What you should do =>
Go through the following data and transcribe exactly the stretch of lines from the one holding "Stuginteriör med djur" to the one holding "Bench/Counter Brush, 13-3/4", both included.

──────── Exercise material ────────

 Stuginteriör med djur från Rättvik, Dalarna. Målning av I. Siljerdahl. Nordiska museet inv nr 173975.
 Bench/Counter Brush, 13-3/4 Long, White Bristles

────────
──────── Exercise material ────────

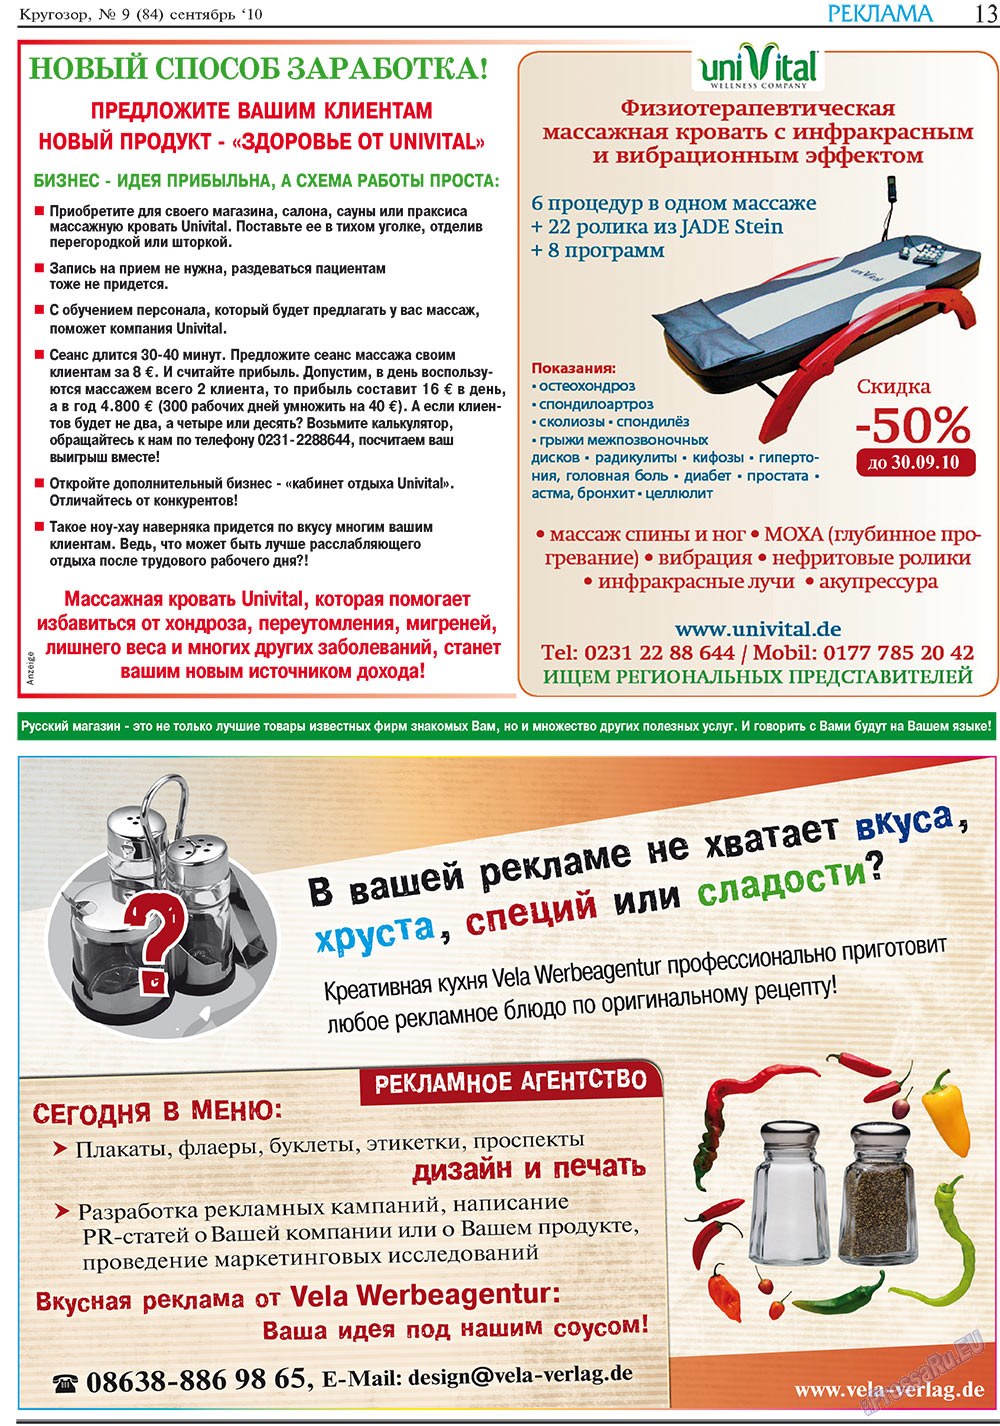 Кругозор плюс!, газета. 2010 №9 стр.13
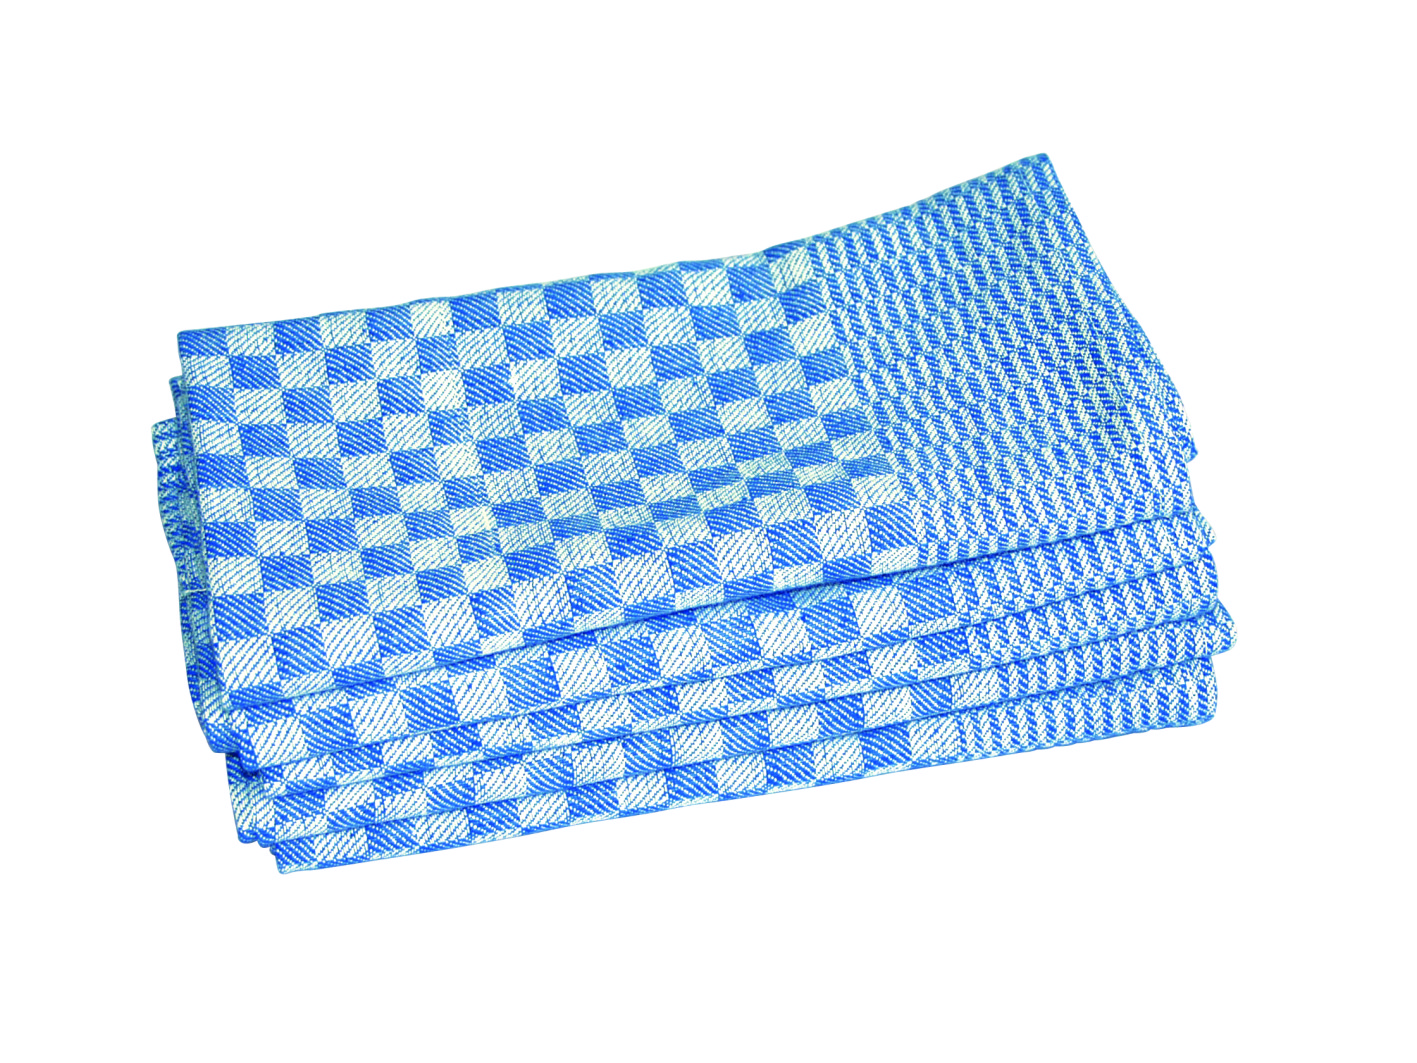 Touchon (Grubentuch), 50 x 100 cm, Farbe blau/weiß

────────
──────── Exercise material ────────

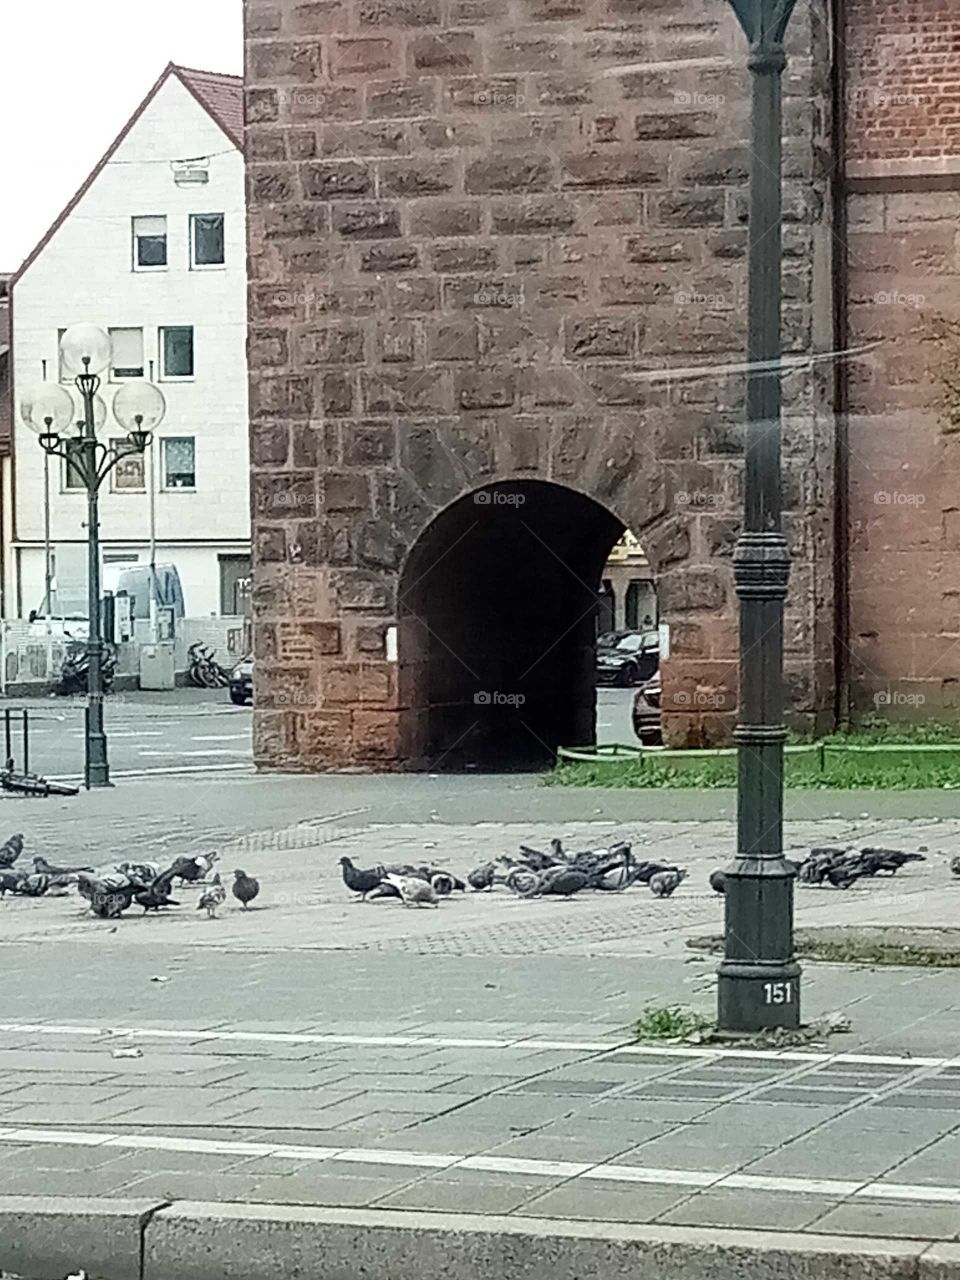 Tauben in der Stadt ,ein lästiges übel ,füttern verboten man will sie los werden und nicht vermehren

────────

Written solution =>
 Stuginteriör med djur från Rättvik, Dalarna. Målning av I. Siljerdahl. Nordiska museet inv nr 173975.
 Bench/Counter Brush, 13-3/4 Long, White Bristles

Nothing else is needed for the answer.